24. OPEN SOURCE LICENSE TERMS.
The rights and licenses granted hereunder do not include any right, license, power or authority to subject the MOBILE SYNC SDK to open source license terms. Client expressly agrees it shall not perform, or permit any third party to perform, any actions concerning the MOBILE SYNC SDK in a manner that would require them, or any derivative works thereof, to be licensed under open source license terms. These actions include, but are not limited to, (i) combining the MOBILE SYNC product, or any derivative works thereof, with open source software, by means of incorporation or linking or otherwise, or (ii) using open-source software to create a derivative work of the MOBILE SYNC product.
25. LIMITATION OF LIABILITY.
In no event will BEATGRID be liable to Client or to any third party under any tort, contract, negligence, strict liability or other legal or equitable theory for any lost profits, lost or corrupted data, computer failure or malfunction, interruption of business, or other special, indirect, incidental or consequential damages of any kind arising out of the use or inability to use the MOBILE SYNC product, even if BEATGRID has been advised of the possibility of such loss or damages and whether or not such loss or damages are foreseeable, and regardless of whether any remedy set forth herein fails of its essential purpose or otherwise. Client’s only right with respect to any problems or dissatisfaction with the MOBILE SYNC SDK is to stop using the MOBILE SYNC product. Any claim arising out of or relating to this agreement must be brought within one (1) year after the occurrence of the event giving rise to such claim, and BEATGRID’s overall liability shall be capped at €500.

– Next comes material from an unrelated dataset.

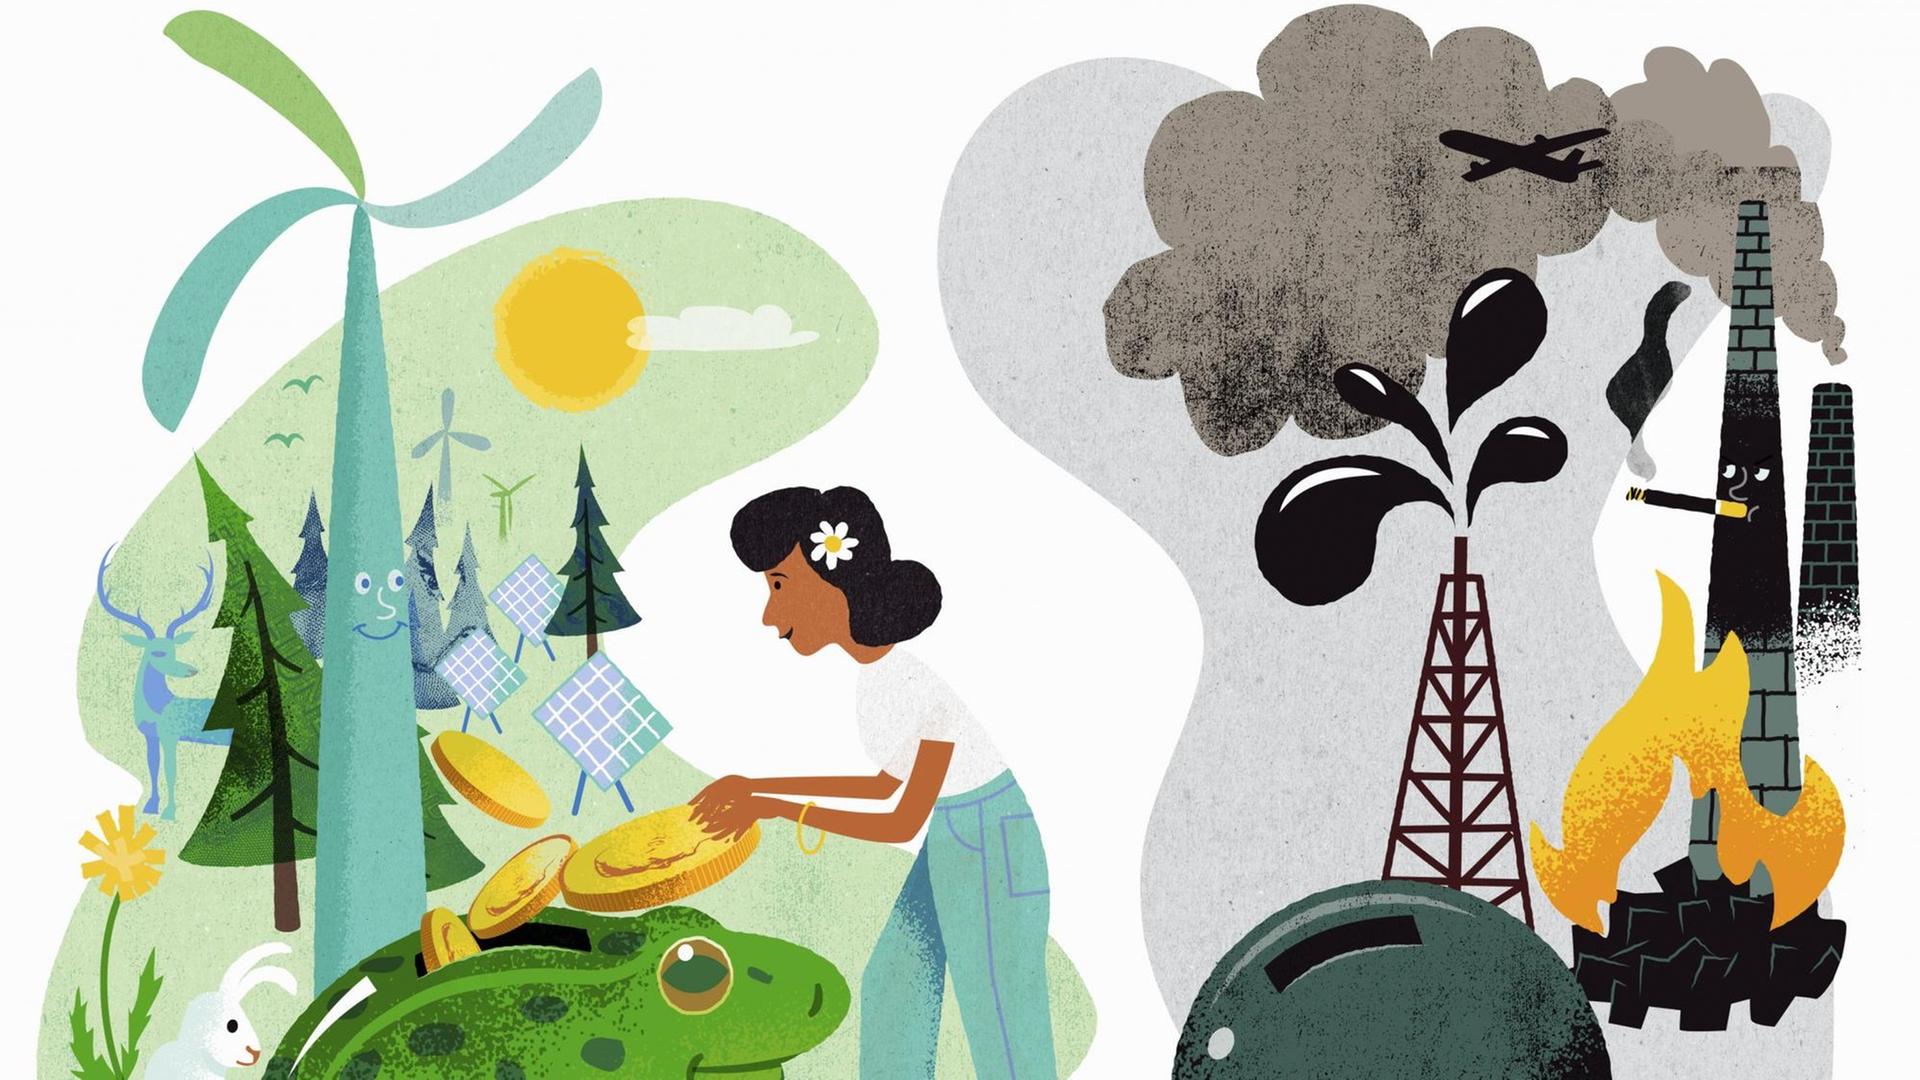 Eine kleinteilige Illustration stellt verschiedene Aspekte mit dem Umgang der Umwelt dar. Windrad, Wald und Solarzellen stehen Flugzeug, rauchendem Schornstein und einer Kanonenkugel gegenüber.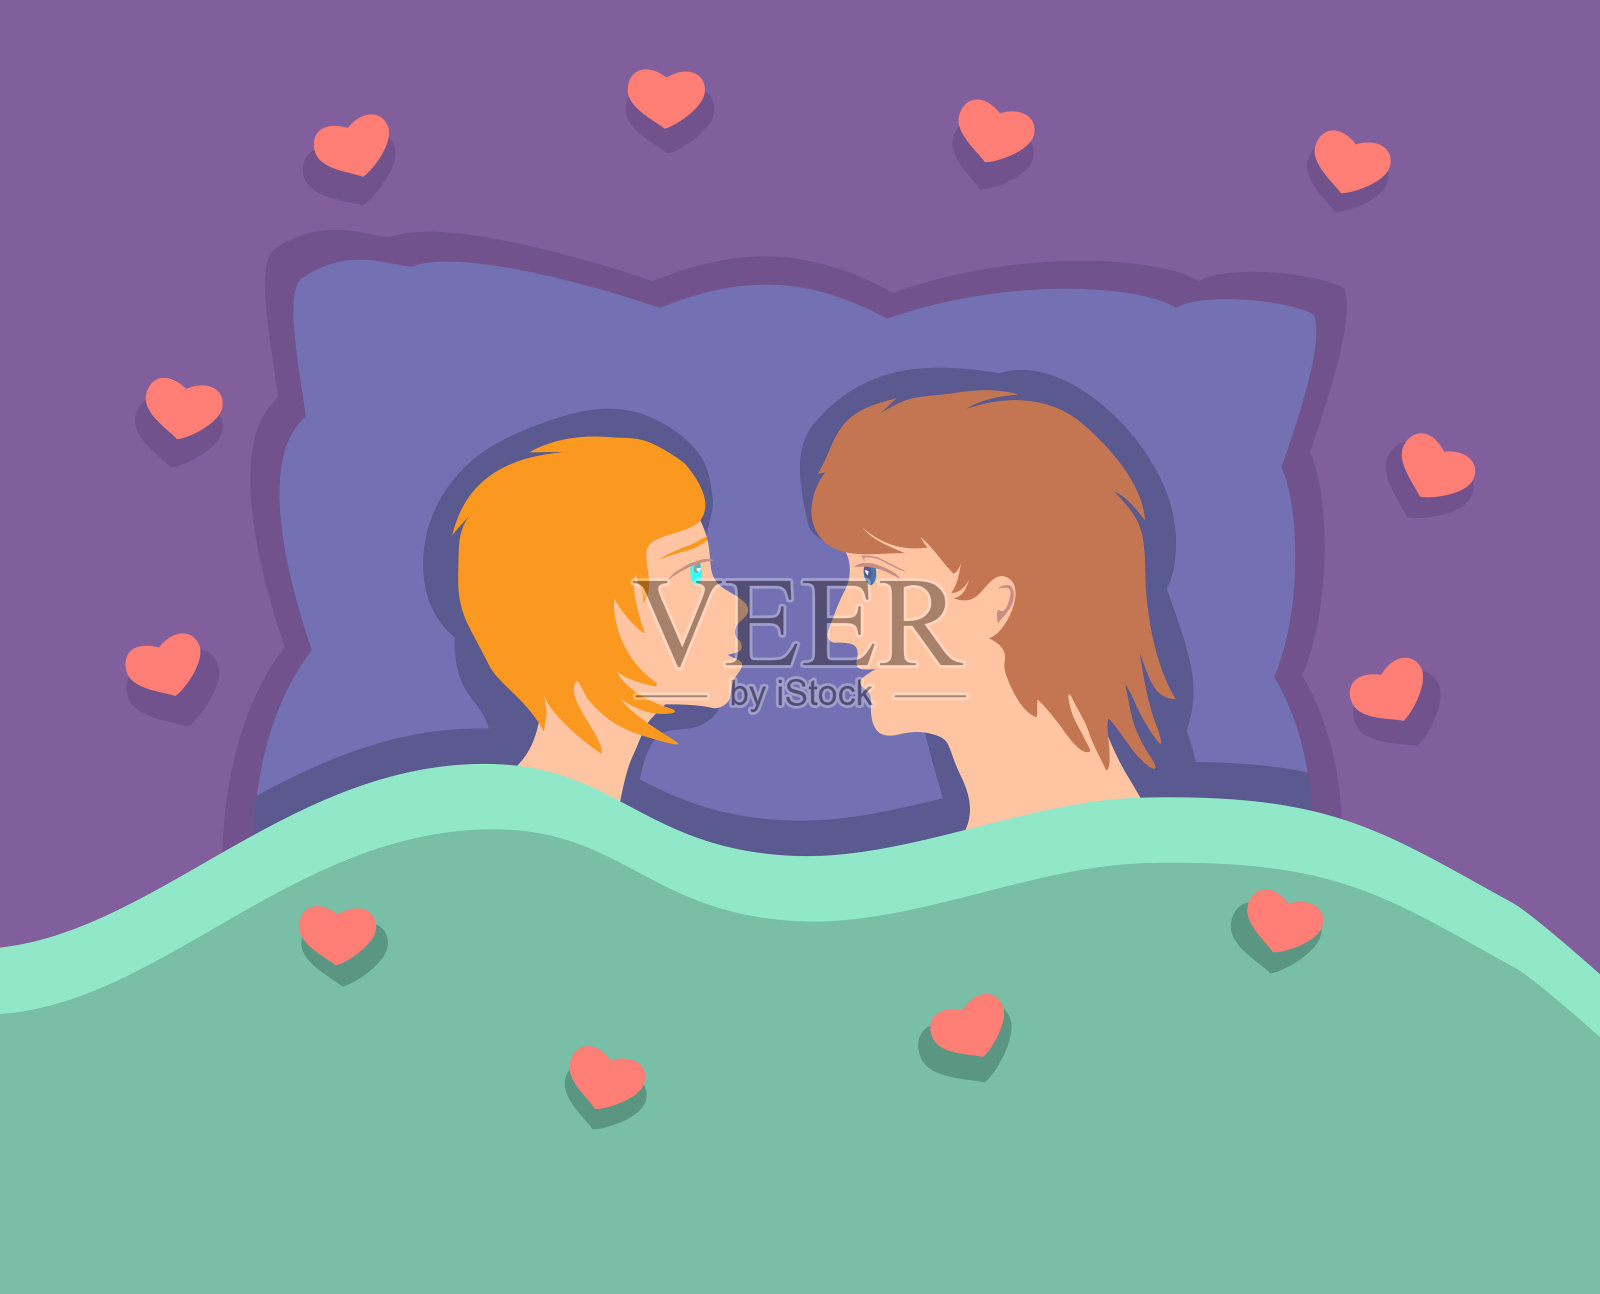 一对幸福的情侣面对面躺在枕头上。插画图片素材

The relationship between the parties created by this Agreement is that of independent contractors and not partners, joint ventures, or agents. There are no third-party beneficiaries to this Agreement. The MOBILE SYNC SDK is subject to Netherlands export laws and applicable laws of other countries, with which Client shall strictly comply. This Agreement states the entire understanding between the parties with respect to its subject matter and supersedes all prior proposals, marketing materials, negotiations and other written or oral communications between the parties with respect to the subject matter hereof. The Client may not assign this Agreement or any rights or obligation hereunder; any purported assignment by Client, whether by operation of law, change in control, or otherwise, shall be null and void. A determination that any provision of this Agreement is invalid or unenforceable shall not affect the other provisions of this Agreement. This Agreement, and any dispute arising out of or in connection with this Agreement, the MOBILE SYNC product, will be governed by the law of the Netherlands, and Client submits to the personal jurisdiction of the courts in Amsterdam, Netherlands, and all disputes shall be exclusively subject to the jurisdiction of such courts; the parties expressly waive any objection to personal jurisdiction, venue or forum non convenience. The Convention on Contracts for the International Sale of Goods and the Uniform Computer Information Transactions Act shall not apply. Neither party shall be liable or deemed in default for any delay or failure in performance of an order or any part of this Agreement to the extent that such delay or failure is caused by the following, but not limited to: accident, fire, industry-wide strike, embargo, act of the government, war, terrorism or national emergency requirement, act of God, act of the public enemy or any other cause beyond the reasonable control of Client or BEATGRID. In the event that this Agreement is translated into other languages and there is a discrepancy between any two language versions, the English version shall control to the extent that such discrepancy is the result of an error in translation.
The rights conferred by this License shall not be assignable by the Client without BEATGRID’s prior written consent. BEATGRID may impose a reasonable License Fee on any such assignment.
BY ACCEPTING THIS AGREEMENT, THE MOBILE SYNC SDK (“ACCEPTANCE” OR “ACCEPTING”), YOU (“YOU”, “YOUR” OR “CLIENT”) ACCEPT AND AGREE TO BE BOUND BY THE FOLLOWING BEATGRID LICENSE AGREEMENT (“AGREEMENT”). IF YOU ARE ENTERING INTO THIS AGREEMENT ON BEHALF OF A COMPANY AND/OR OTHER LEGAL ENTITY OR PARTY, YOU REPRESENT AND WARRANT THAT YOU HAVE THE LEGAL AUTHORITY TO BIND SUCH BEATGRID, LEGAL ENTITY OR PARTY TO THIS AGREEMENT, IN WHICH CASE “YOU”, “YOUR” OR “CLIENT” SHALL MEAN SUCH COMPANY, LEGAL ENTITY OR PARTY. THIS AGREEMENT IS A LEGAL CONTRACT BETWEEN YOU AND BEATGRID MEDIA B.V. AND INCLUDES (I) THIS AGREEMENT, AND (II) ALL OTHER DOCUMENTS, POLICIES AND TERMS FOUND AT HTTPS://WWW.BEATGRIDMEDIA.COM OR PROVIDED TO YOU AT THE TIME OF YOUR ACCEPTANCE OF THIS AGREEMENT, WHICH ARE HEREBY INCORPORATED BY REFERENCE HEREIN. IN THE EVENT OF A CONFLICT BETWEEN THE TERMS OF THIS AGREEMENT AND SUCH ADDITIONAL DOCUMENTS, THIS AGREEMENT SHALL CONTROL WITH RESPECT TO YOUR USE OF BEATGRID MEDIA PRODUCTS.